I can smell another financial crash coming, says former Goldman Sachs chief
Todd Gillespie And Sridhar Natarajan
Lloyd Blankfein, who led Goldman Sachs Group through the 2008 financial crisis, is now ringing alarm bells as Wall Street diverts money from U.S. savers into its latest lending spree: private credit.
The financial system is inching towards another potential disaster, with ordinary Americans suffering some losses, the former longtime CEO of Goldman said in an interview on the Bloomberg News Big Take podcast. These assets can be difficult to analyze, have hidden leverage, and be difficult to sell.
“Where there is illiquidity, one has to worry about opaque assets,” he said. “We’re nearing the end of the final stages of the cycles on this issue, and it’s time for some sort of reckoning.”
Blankfein, 71, has for years criticized financial firms that have amassed wealth from private investments for trying to give retail investors access to those assets just at a time when they are more likely to implode. Last year, President Donald Trump signed an executive order that will ease the way for assets, including private credit and private equity, to be transferred into employer-sponsored retirement savings plans in the United States.
This is a particularly turbulent time for the US$1.8 trillion ($2.5 trillion) private credit market. Loans are straining debt funding for some of the biggest asset managers, including BlackRock In the UK, bank-backed mortgage company Market Financial Solutions was forced into bankruptcy last week amid accusations of fraud and double pledging of assets.
Goldman is among the many Wall Street firms that have embraced retail investors. The bank invested in asset manager T. Rowe Price Group last year and said the two would collaborate to further package Goldman’s private markets bets into retirement products.
Blankfein’s memoirs streetwise This document, which will be published on Tuesday (US time), was harshly criticized by some US lawmakers during a marathon hearing in 2010 for Goldman’s role in the financial crisis; That same year, his bank agreed to a $550 million settlement over allegations it mis-sold a complex financial product before the subprime mortgage crisis. Goldman denied any wrongdoing.
At the time, Goldman dealt primarily with complex institutional clients such as money managers, investment funds and corporations, he noted. In the interview, Blankfein said there was a risk of similar disappointments reoccurring if ordinary people were bitten.
“When you lose money for individual consumers, taxpayers and citizens, people in government get very, very upset. Regulators get very, very upset, too,” he said.
In a separate interview Thursday, Blankfein spoke with Pablo Salame, Citadel’s chief investment officer and one of his former protégés at Goldman. Blankfein said he sees signs that the economy is approaching collapse.
“I secretly wonder where the trump card is,” he said. “Now everyone says, ‘Oh, the world is not leveraged.’ That’s exactly what everyone said in the mortgage crisis, until they suddenly discovered there was a lot of mortgage risk in Iceland.”

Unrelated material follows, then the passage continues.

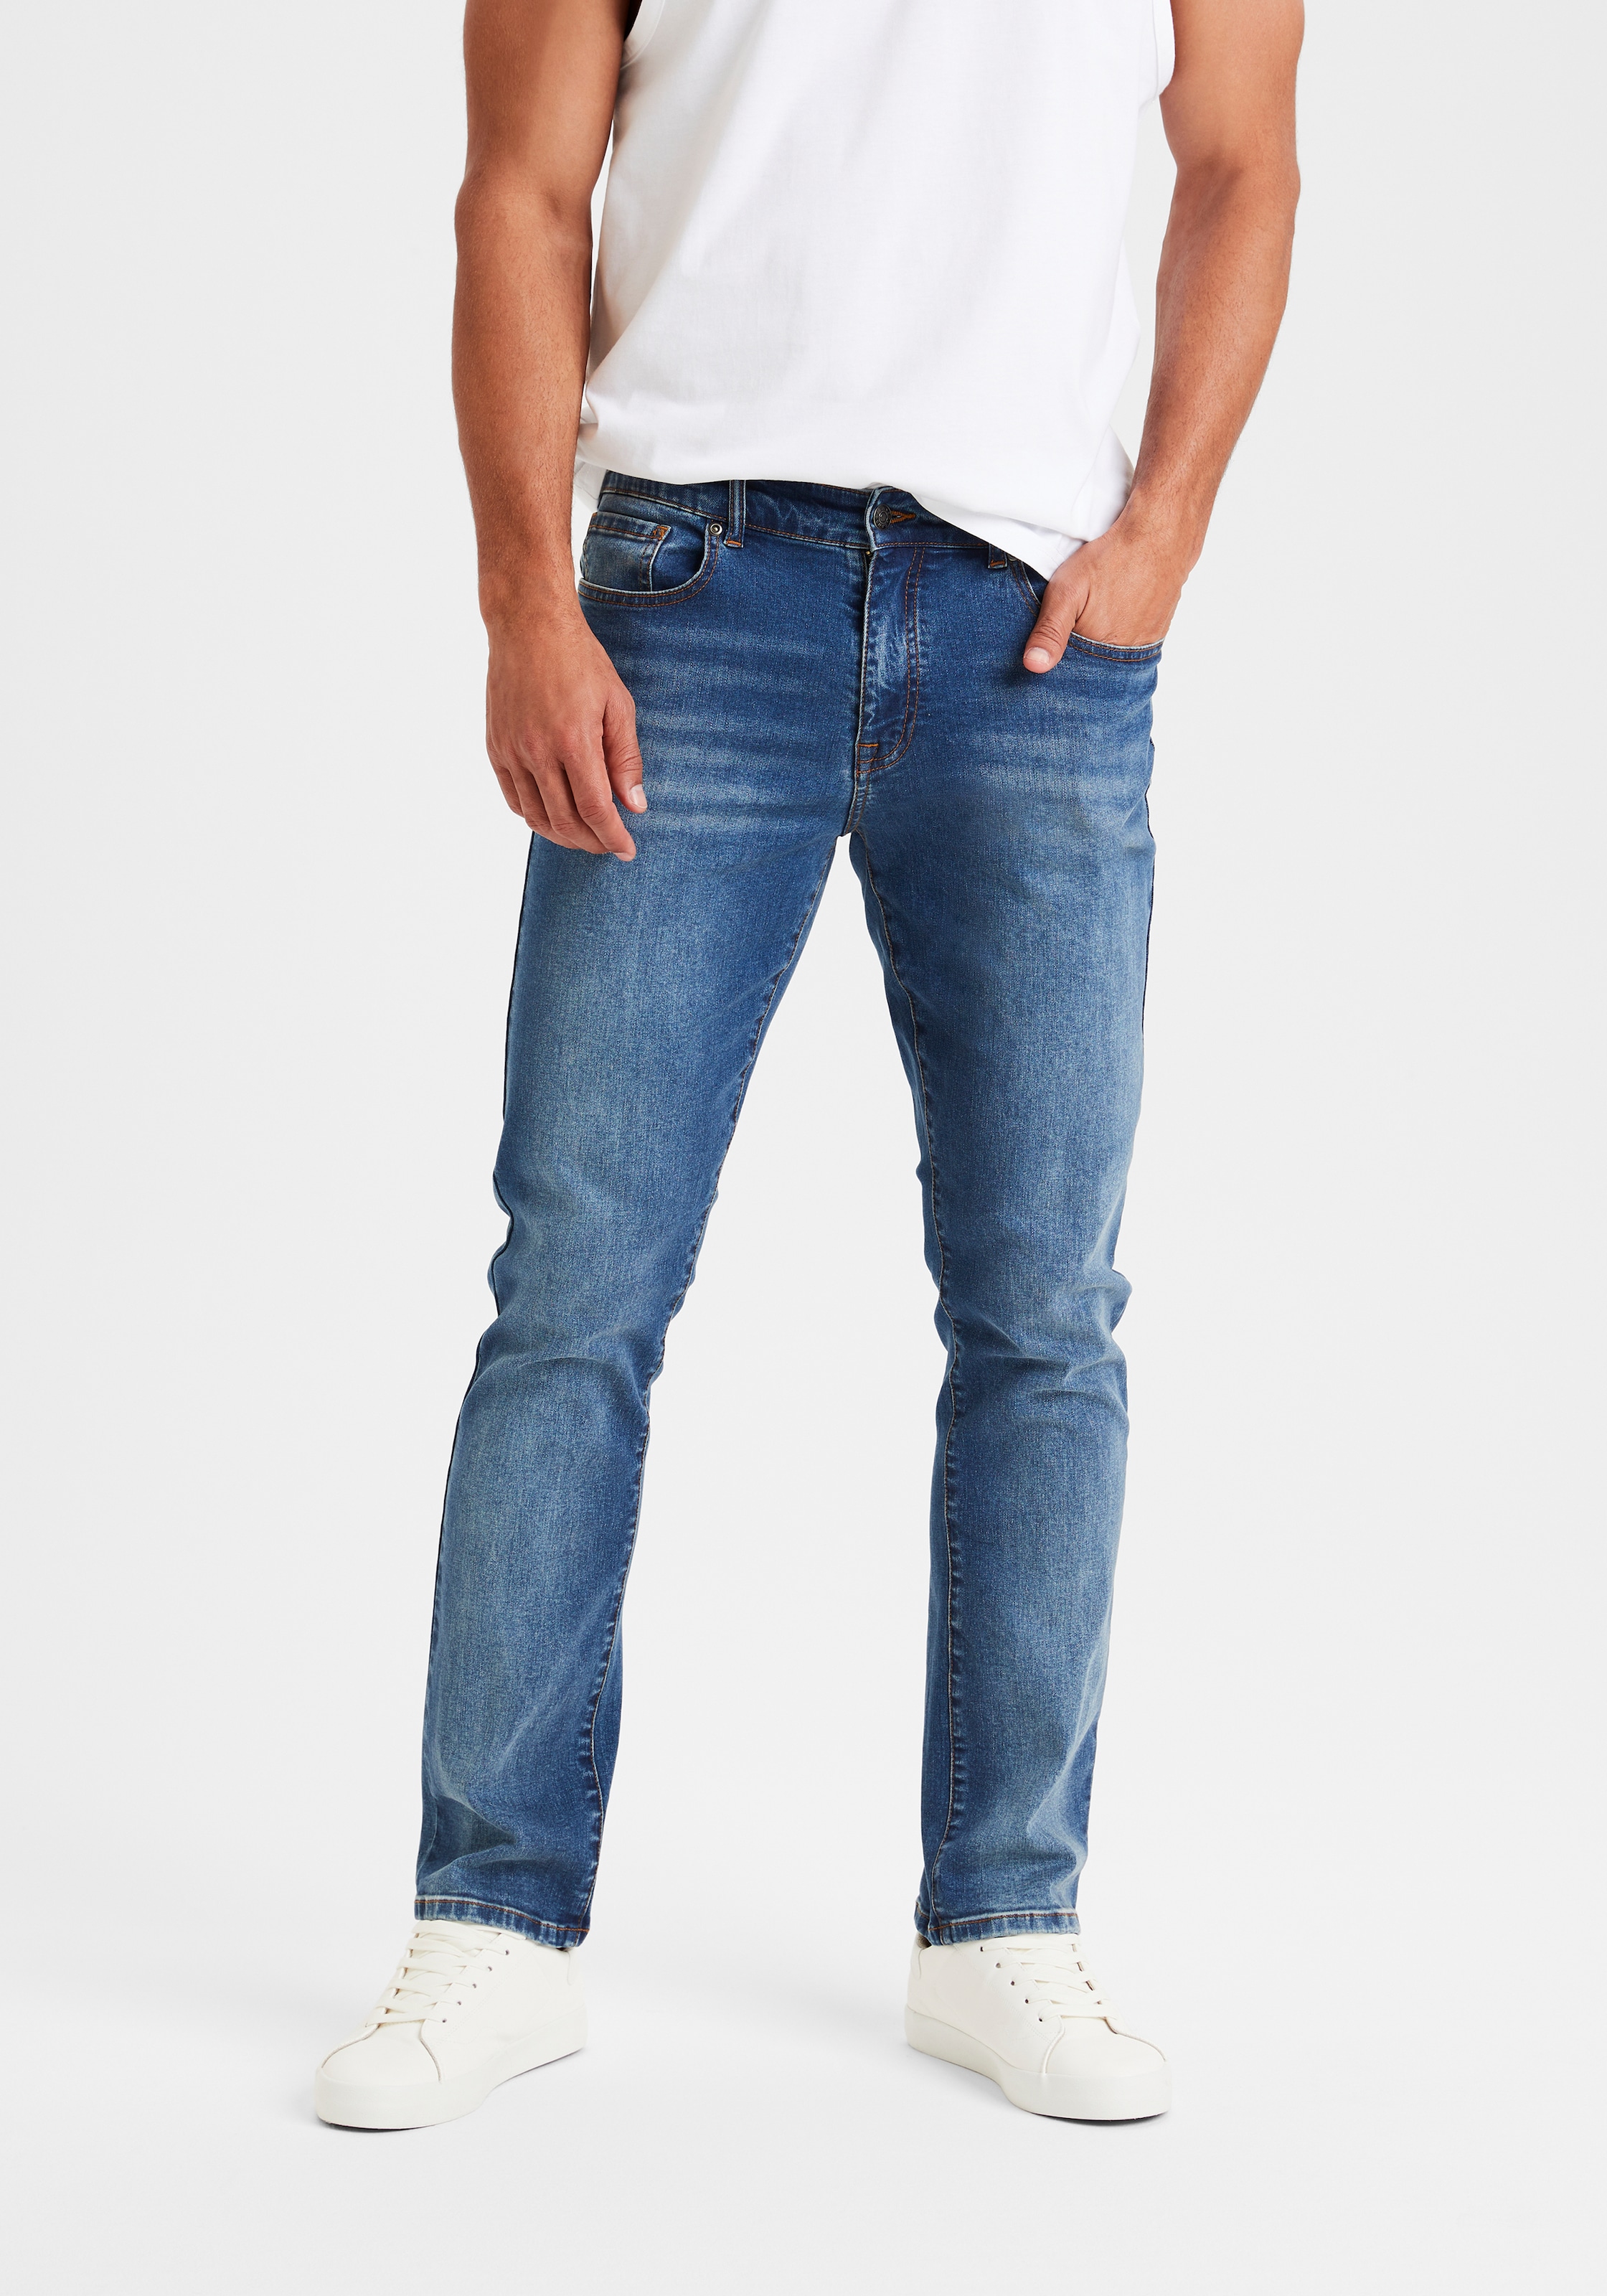 aus Online-Shop Buffalo im bestellen »Straight-fit 5-Pocket-Jeans Denim-Qualität Jeans«, elastischer

JPMorgan Chase & Co. Its CEO, Jamie Dimon, said in February that he had seen rivals do “stupid things” to boost earnings, including making risky loans to failing firms. Fears about the risks posed to the banking sector have increased, and the KBW Bank Index suffered its sharpest decline since April on Friday.
Goldman’s asset management arm has sought to reassure clients that redemption rates and exposure to software companies at risk of being sidelined by AI are relatively low at one of the largest retail-focused private credit funds.
Some uneasy echoes of the early days of the 2008 crisis linger, as traders remain nervous and concerns grow about the failure of private lenders.
“It smells like that moment again,” Blankfein said at the Citadel event. “I don’t feel the storm, but the horses in the pen are starting to neigh.”